Leading up to the election, Kremlin-funded and affiliated outlets posted uncritical stories about the AfD. One report from Ria.ru, a news agency that's part of the Russia Today network, got picked up across the country.
The AfD itself also explicitly targeted Russian speakers in Germany by running ads on Russian state media.
The party also targeted Facebook ads at Russian speakers (though the ad's language was a bit stilted).
Russian-language newspapers also ran advertisements for the AfD, according to Coda Story social media editor Katrin Sheib.
The party also distributed Russian-language flyers in Germany. The flyers promised to end sanctions against Russia, end mass migration into Germany, and take the country out of the EU.
While pro-AfD messages flowed on Russian TV, websites, and newspapers, Twitter bots controlled by hackers in Russia were also hard at work promoting the party. One hacker told BuzzFeed News they used bots to spread pro-AfD messages because it was of "mutual benefit." He didn't explain what that meant.
During election night coverage, the Kremlin-funded RT channel heavily promoted the AfD. The only guest on the broadcast was Maximillian Krah, a member of the party. Throughout the hourlong broadcast the focus was squarely on AfD.
There was even a prepared slideshow on AfD's policies aired early in the program. Other parties were not given the same treatment.

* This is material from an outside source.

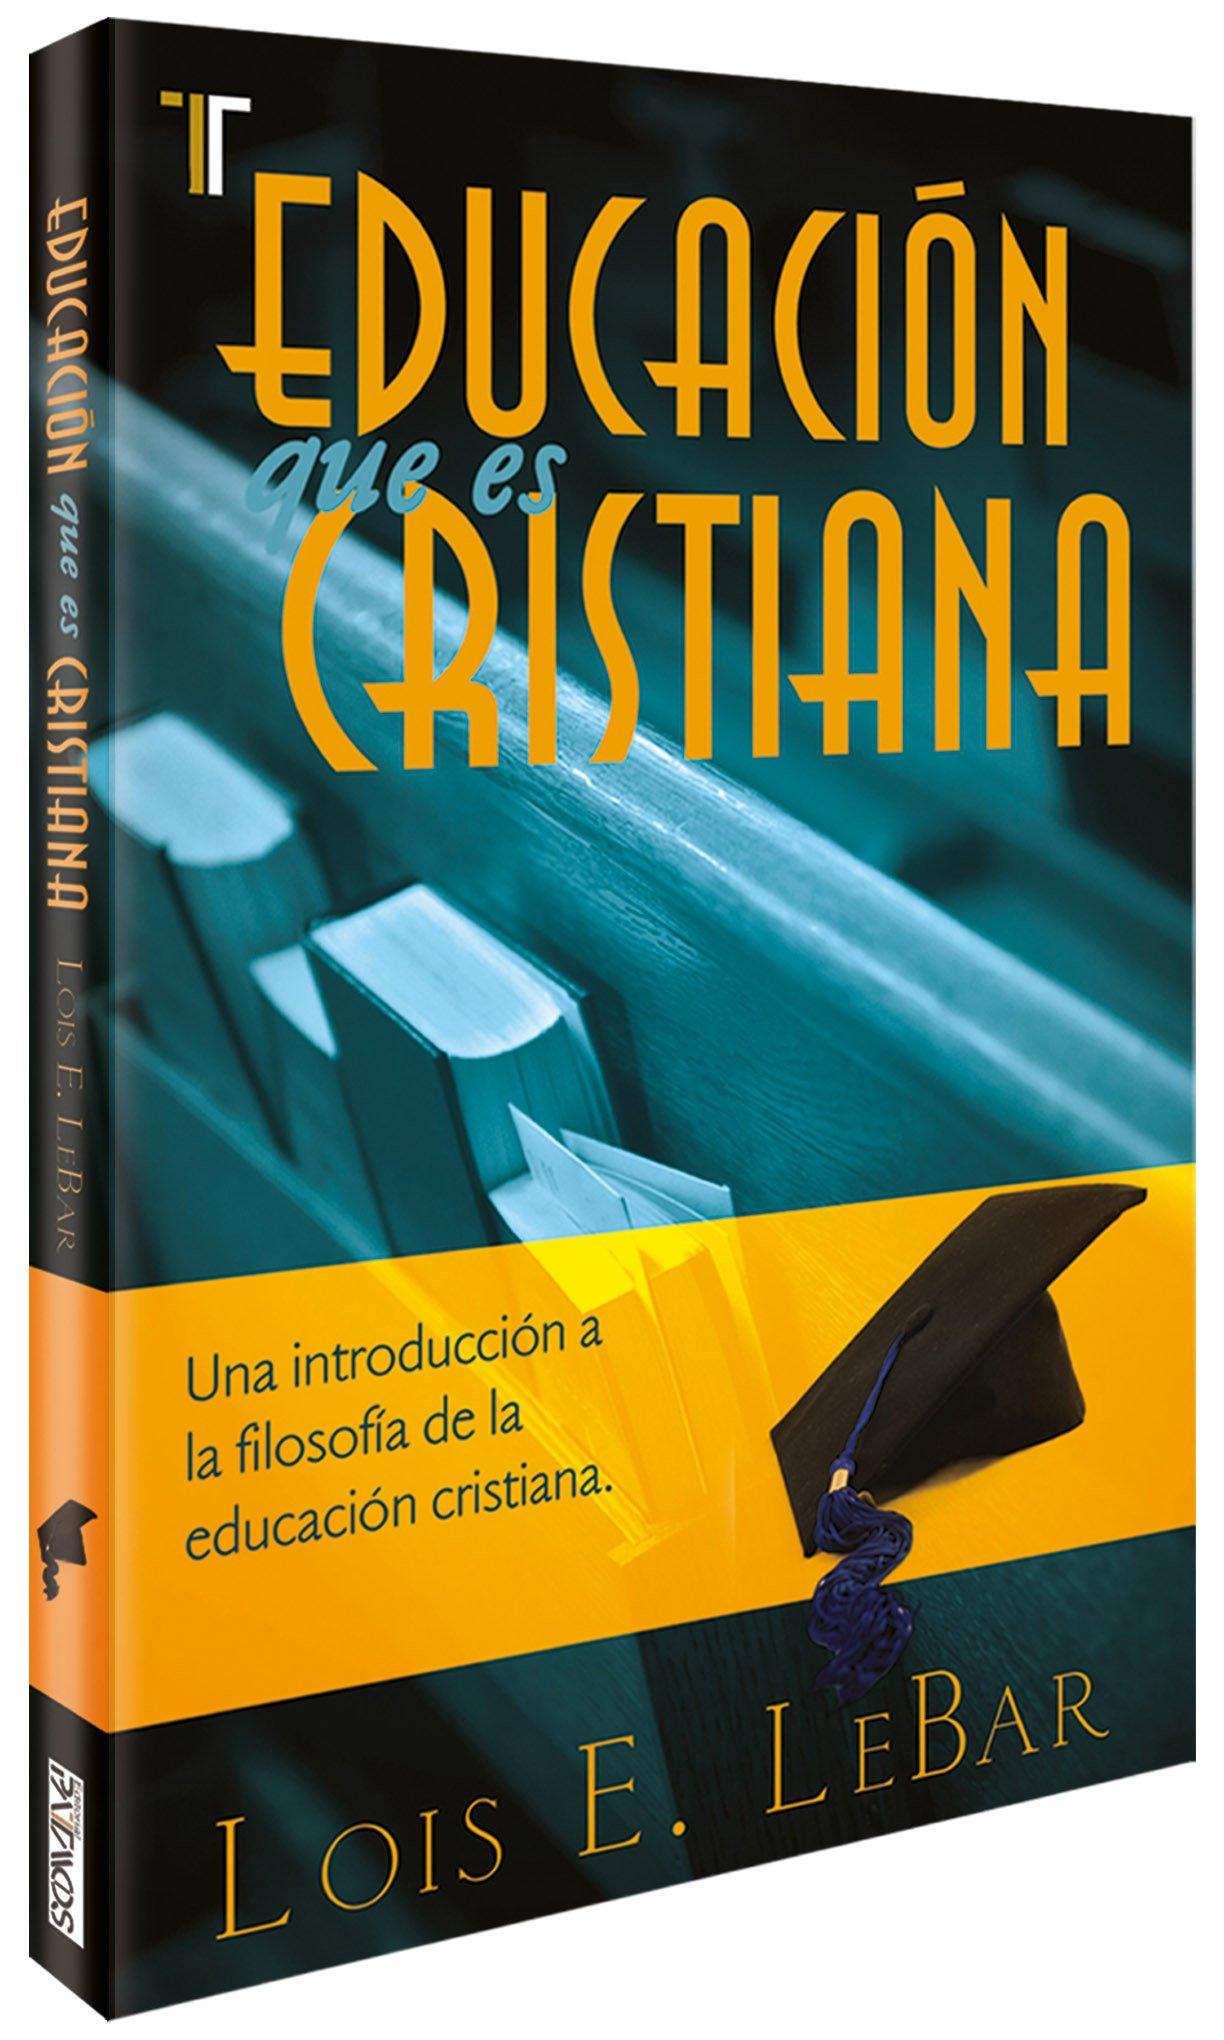 ... Cristiana: Una Introduccion a la Filosofia de la Educacion Cristiana: Amazon.es: Lois Lebar, Kerstin Anderas-Lundquist, Agneta Anderas-Solgevik: Libros

Between speeches from candidates, the RT presenter asked Krah about AfD's policies.
The host didn't always ask softball questions, but there was little follow-up on Krah's responses. AfD's campaign largely focused on anti-migrant messaging, but on RT Krah pivoted to say its number one issue was jobs. He said "controversial" comments by candidates had been taken out of context and chalked them up to inexperience.
Krah was asked to analyze election results, and to talk about mistakes other parties potentially made. There were no representatives from other parties on the broadcast, though it's unclear if they declined to participate or if they were not invited.